Kids learn from what they see again and again and again. You can tell girls that they can be anything they want to be until you’re Smurfblue in the face,
but if you don’t show them, your words are meaningless. Why not show kids more movies where powerful females win? A crop duster can win a flying race
around the world and a snail can win the Indy 500, but a female can’t win anything? What does that teach children? That “you aren’t what you’re built to
be” unless you happen to be built a girl. Suddenly, your options become pretty limited.
Why, I want to know, is the imaginary world, a place where anything should be possible, so sexist?
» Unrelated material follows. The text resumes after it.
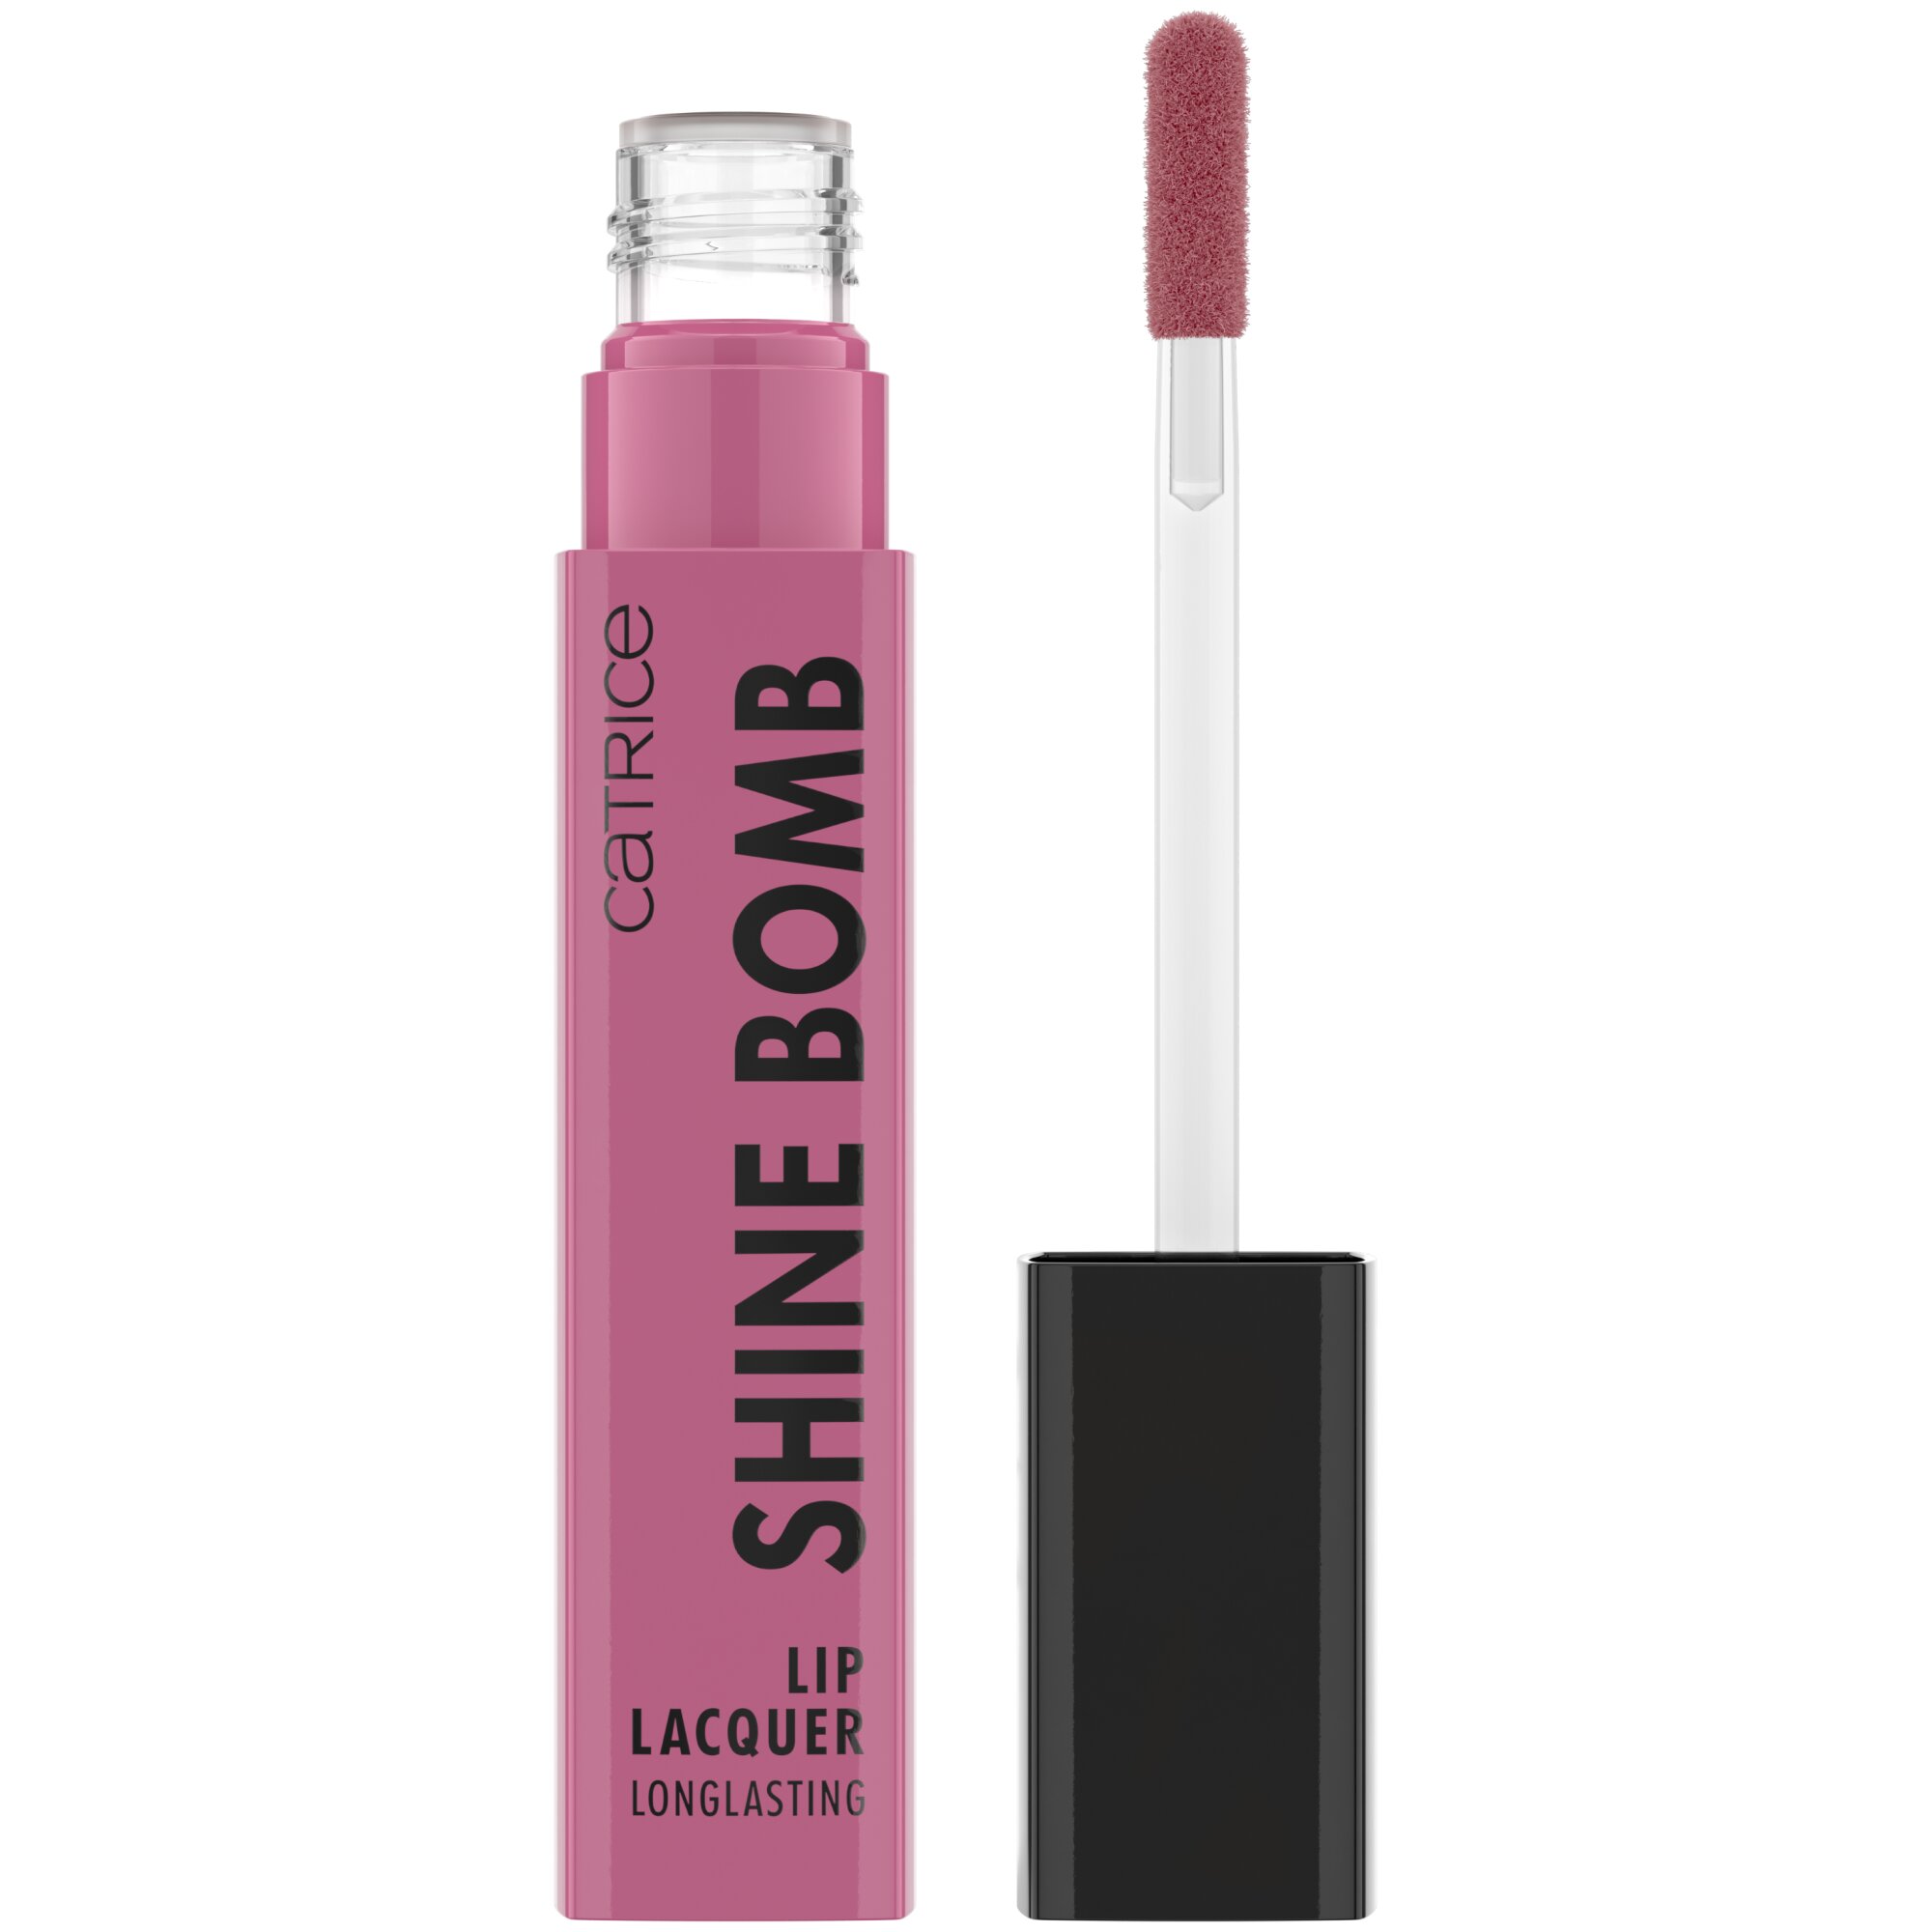 Ruj lichid Shine Bomb Lip Lacquer, 060 - Pinky Promise, 3 ml, Catrice
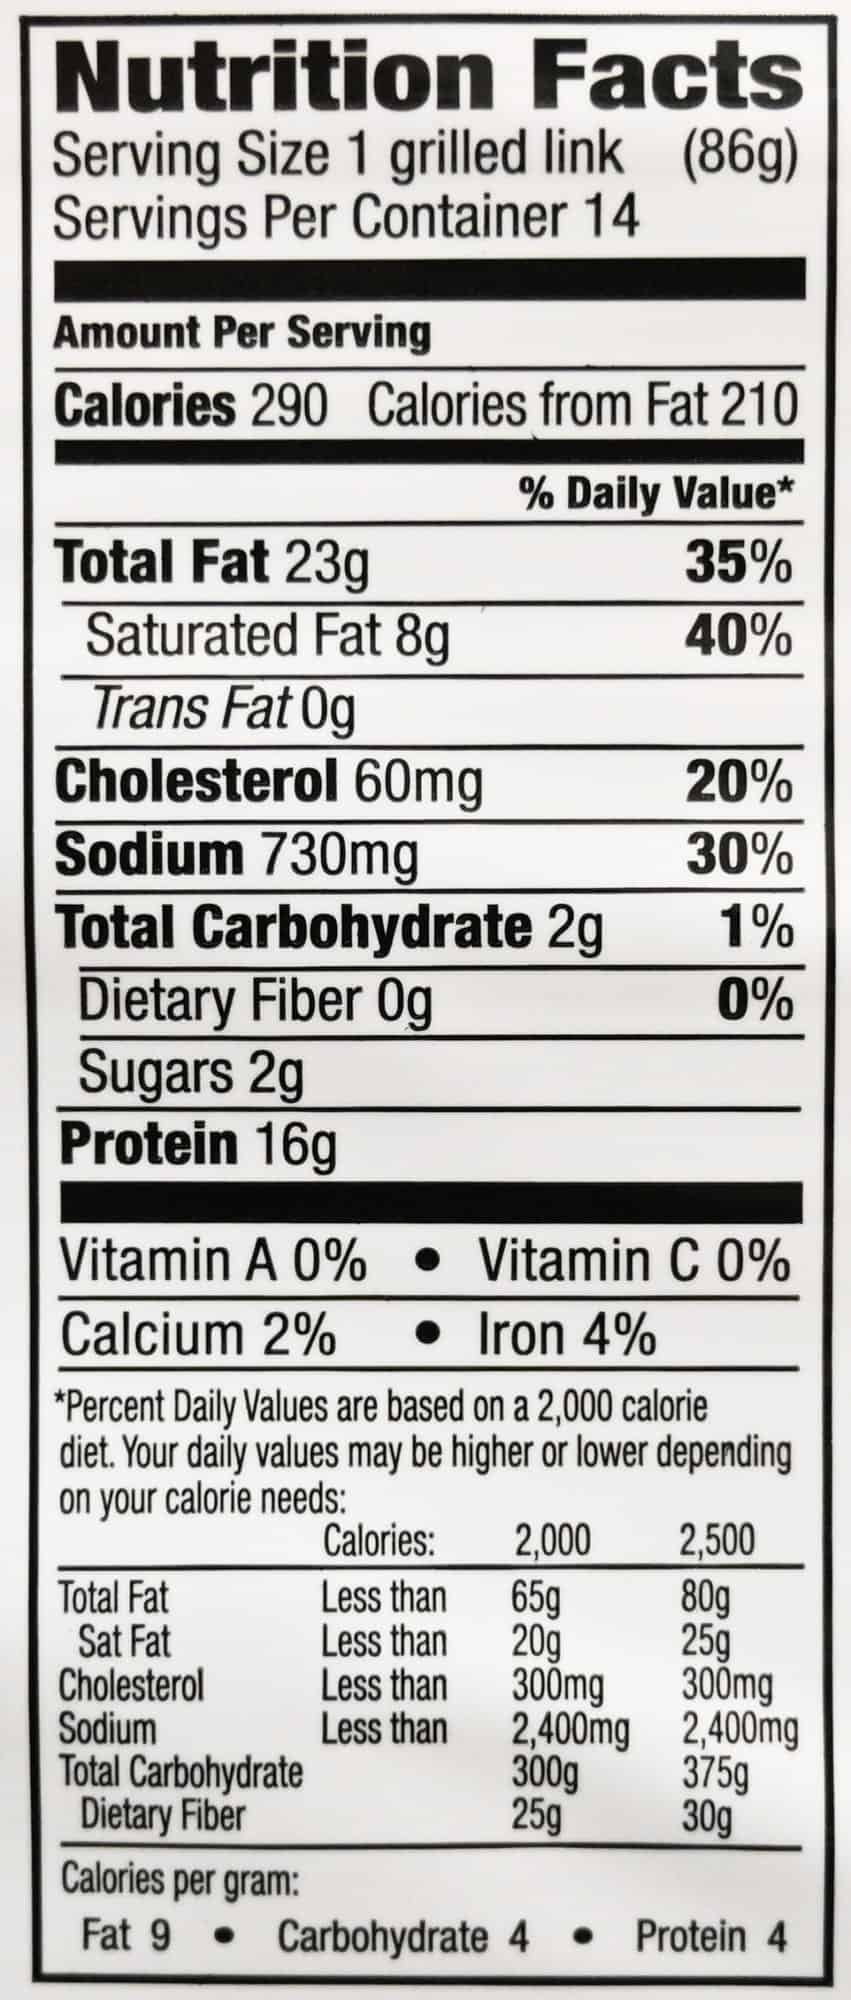 Image of the nutrition facts for the brats from the back of the package.

Why aren’t more parents demanding gender equality for
their kids during this crucial period in their lives?
Magowan started her blog Reel Girl, because as the mom of three young daughters, she
was alarmed by the sexism in children’s movies, and the games, toys, and
clothing mass-marketed to kids based on those movies. Margot’s fiction is
featured in the anthology Sugar In My
Bowl edited by Erica Jong. (Ecco 2011), and she is currently
writing a Middle Grade novel about the fairyworld.
Margot’s articles on politics and culture have been in Salon, Glamour,
the San Jose Mercury News, and numerous other newspapers and online
sites. She has appeared on “Good Morning America,” CNN, Fox News, and
other TV and radio programs.
Republished with permission.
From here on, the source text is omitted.